Precedent suggests no other course. Since Oldham were promoted in 1991, they have played Manchester United seven times. The sides have shared 28 goals, of which United have scored 20.
Enter Alan Hodgkinson. He is the goalkeeping coach to both clubs. He visits Manchester each Monday and Oldham each Tuesday. His dream tie would probably be stylish, full of open and attacking football throughout, and would be goalless after the first game, the replay, extra-time and several hundred penalties and doubtless be decided on the quality of the saves which foiled all the expansive attacks.
'I hope for nothing else than for both my lads to have good games,' he said after a training session last week at Sheffield Wednesday, the other English club he advises. 'That's what I always want, no matter who wins or loses. You must never forget that goalies can take everything, miss one cross in 90 minutes and carry the can.' Hodgkinson is not of a mind to let you forget. He is a preacher of good technique in all departments of the game but his coaching mission is to ensure that his charges protect their goal at all costs. 'If they can come off without letting in a goal then they've done their job,' he said. 'That's what I tell them it's all about.' He talks about the importance of clean sheets with more zeal than the head chambermaid in a five- star hotel.
Hodgkinson, as perky as you imagine all old-time keepers to be, played for 17 seasons and in 576 League games with Sheffield United and was capped five times by England in the Fifties and Sixties. He established himself as a goalkeeping coach 12 years ago by offering his services to clubs and was inundated with replies. He has rarely had a day off since.
Of course, he is aware of the peculiar nature of his involvement in the match at Wembley today but is reluctant to forecast the result and certainly will not countenance the suggestion of a goals feast. He remembered the Coca-Cola Cup semi-final second leg encounter between Wednesday and Manchester United when Wednesday were overwhelmed. That was not, he conceded, a good night for Kevin Pressman in the Yorkshire club's goal.
Hodgkinson is clearly an admirer of the Manchester style and of their keeper, Peter Schmeichel. 'There are three main things you look to work on in a goalie. You've got to have the shape and the presence, you've got to have the mobility and you've got to have a good first touch. It's as important in a goalie as in an outfield player. Peter's got the lot. He's a fine keeper.'
Not that Hodgkinson, who never received a single goalkeeping lesson throughout his entire playing career, was remotely disparaging of the Oldham keeper Jon Hallworth's gifts. He likes lads who work hard and goalkeeping, in the repetitive nature of the tasks he sets his charges to perform each week, is hard work.
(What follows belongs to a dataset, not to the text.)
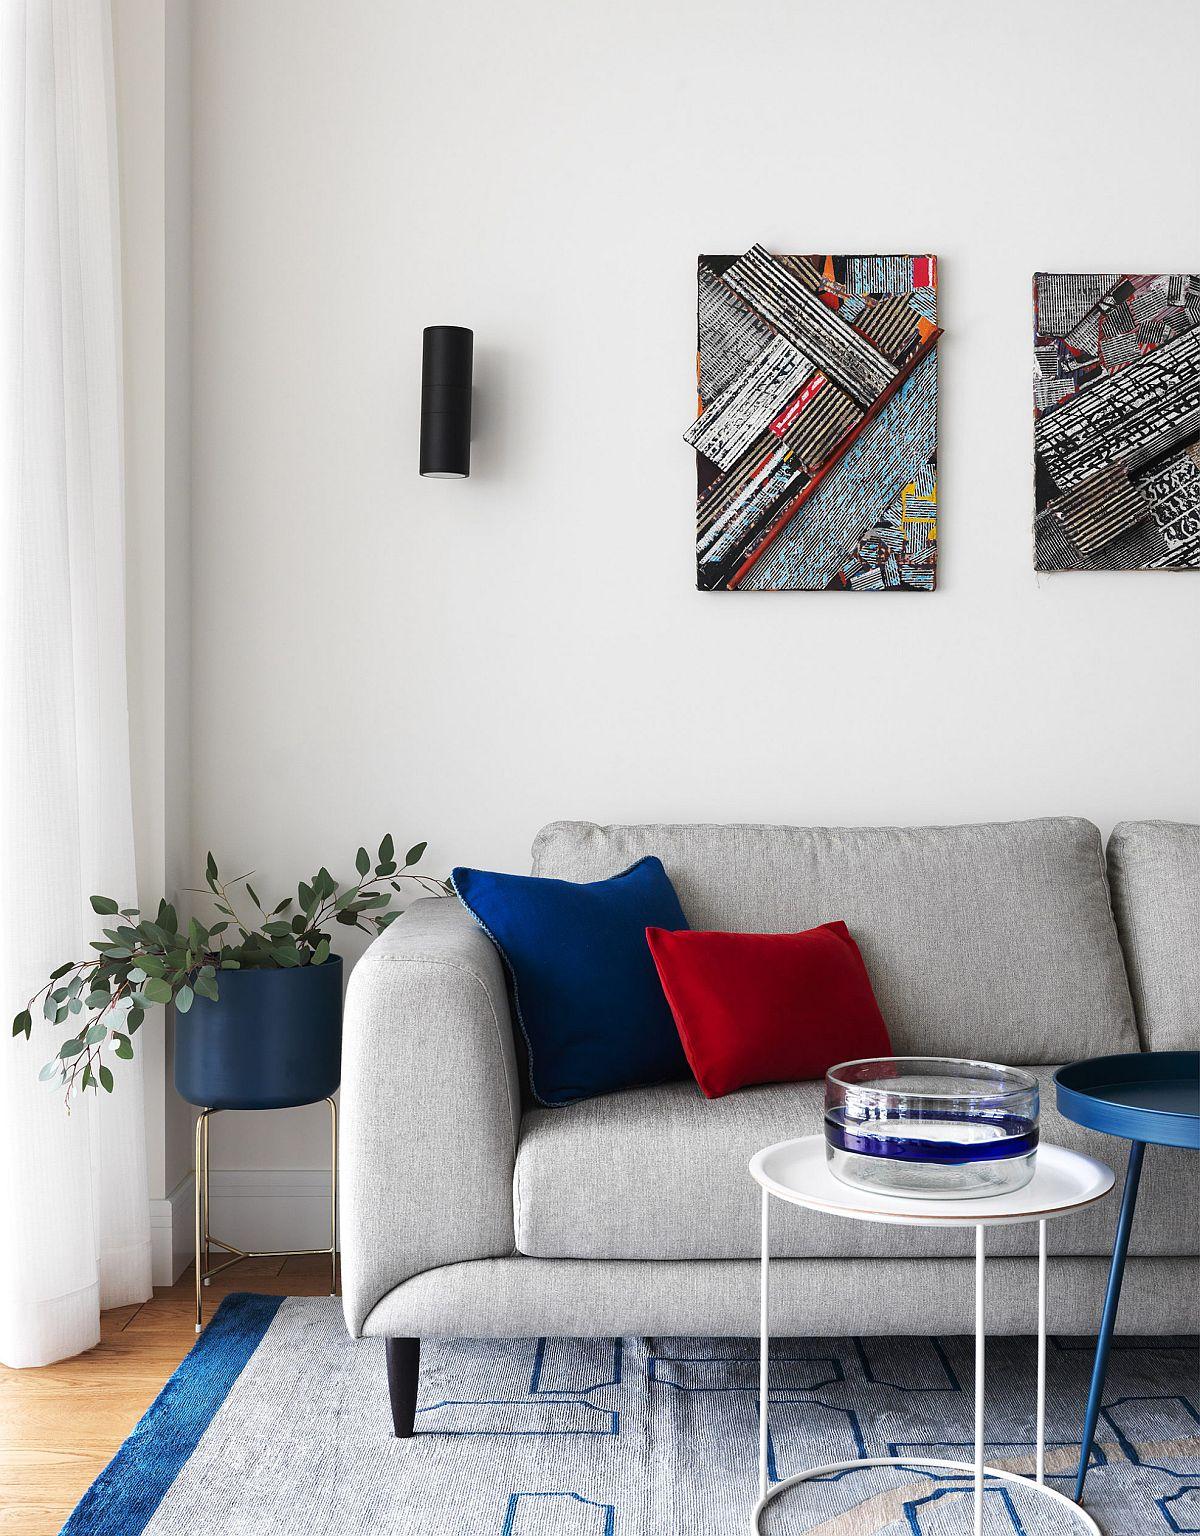 Separarea cu perdea este și între zona de canapea din living și cea de relaxare situată în fața ferestrei livingului. Astfel, cu ajutorul țesăturilor vaporoase, delimitările sunt mobile, dar materialele conferă și o textură și un volum delicat în locuință.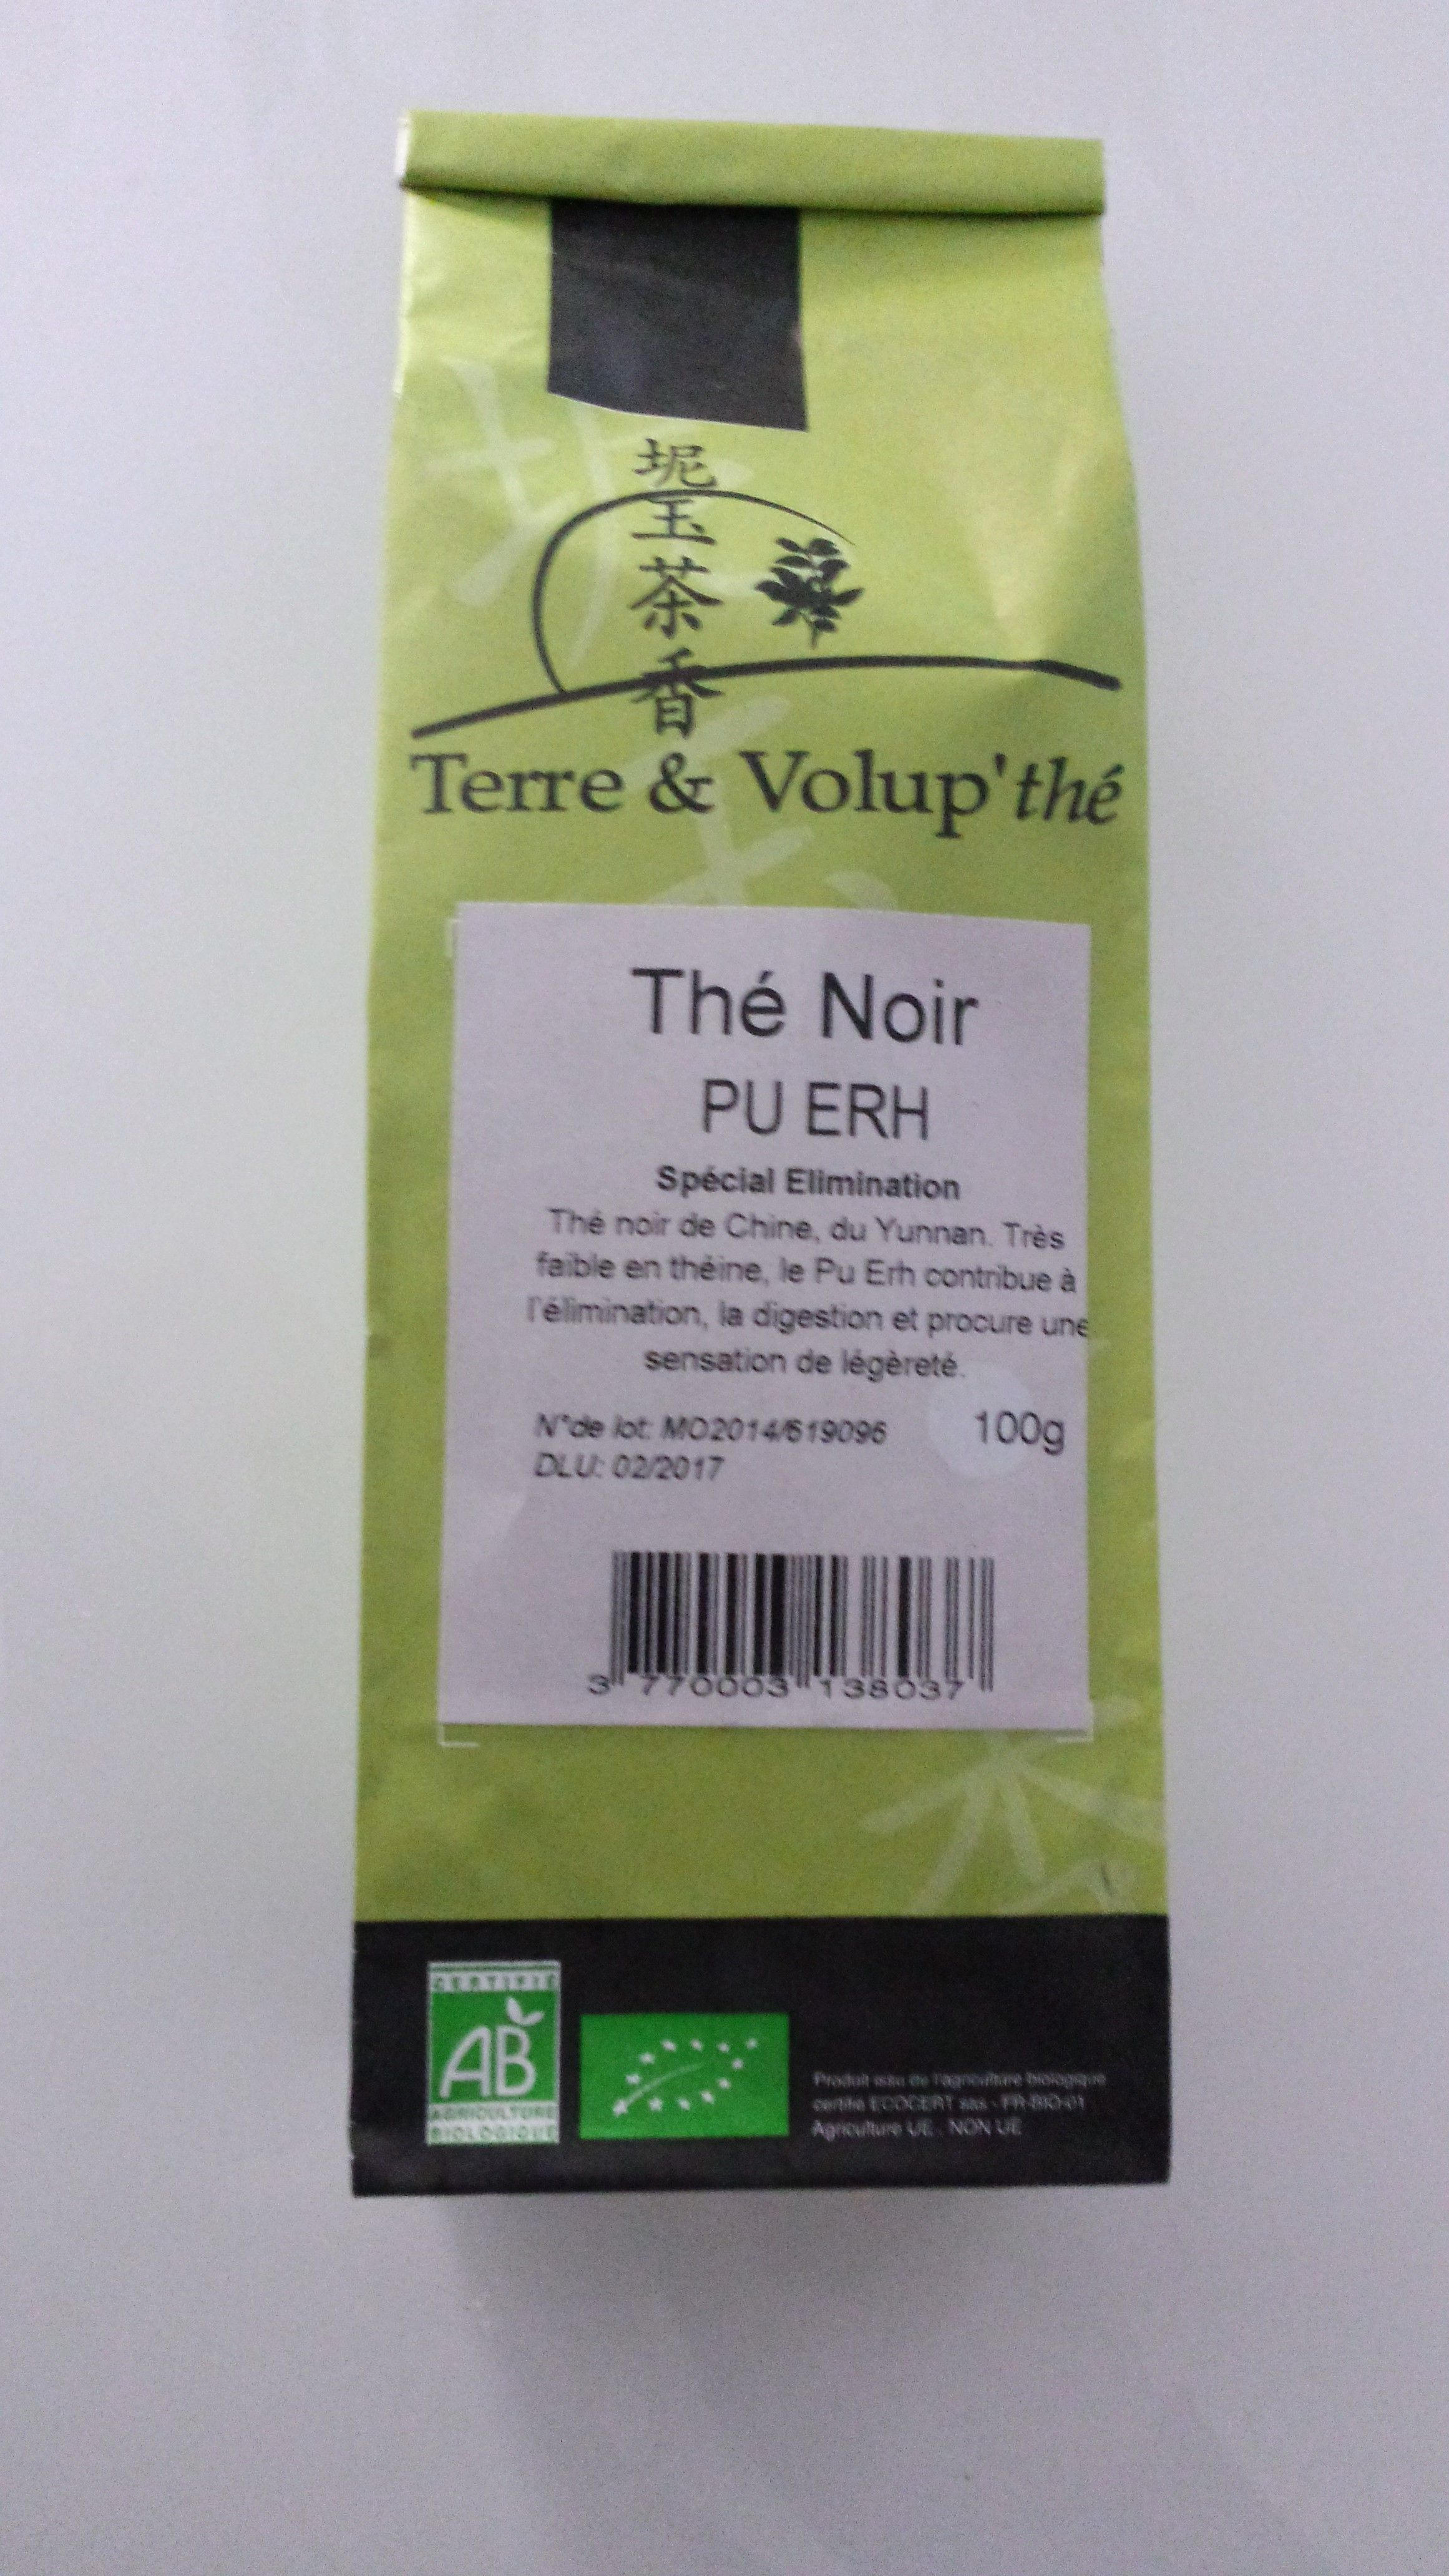 Pu Erh Tee - Angenehm und mild im Geschmack. Dieser Diät-Tee aus der chinesischen Provinz Yunnan enthält nur sehr wenig Tein. Er vermittelt ein Gefühl von Wohlbefinden und Leichtigkeit. Ein Gewichtsverlust wird unterstützt, der Cholesterinspiegel verringert, die Verdauung und Darmfunktion erleichtert, der Fettspiegel im Blut reduziert und die Leber gereinigt. http://www.youthful-institut.de/shop/tea/pu-erh-bio-special-elimination/ #losertee #puerhtee

Increasingly, the custodian also has to possess profound tactical awareness and the ability to kick like a donkey with both feet. Hodgkinson is sceptical about the back-pass law and is concerned that the first question he is asked by too many managers pursuing a keeper he has recommended is: 'Can he kick?'
All the essential attributes are practised in his weekly sessions. He is also specialist coach to Rangers and to the Scotland team. He has run courses all over Scotland for a decade and likes to think he has been partly instrumental in the gradual reduction of jokes about Scottish goalies because Scottish goalies are no longer a joke.
'I won't be at the Wembley match because I'm in Scotland,' he said. 'And while I wish both the boys well, and Rangers in their semi-final too, I wouldn't dream of giving them tips about each other. Confidentiality has to be part of my trade. I would never ever discuss one of my goalies with the manager at another of my clubs. I really want them both to do brilliantly, even if somebody has to win.'
If Hodgkinson is a fan and friend of Schmeichel, he is still anxious about the number of foreign keepers in the English game. It represents an end to what once seemed like an interminable production line of magnificent English goalies - which included Hodgkinson - and he would love to help its return by improving technique generally.
'Clean sheets, that's what I stress to all my boys, clean sheets,' he said. But he knows, even if he is not saying, that Wembley will not be swathed in them today.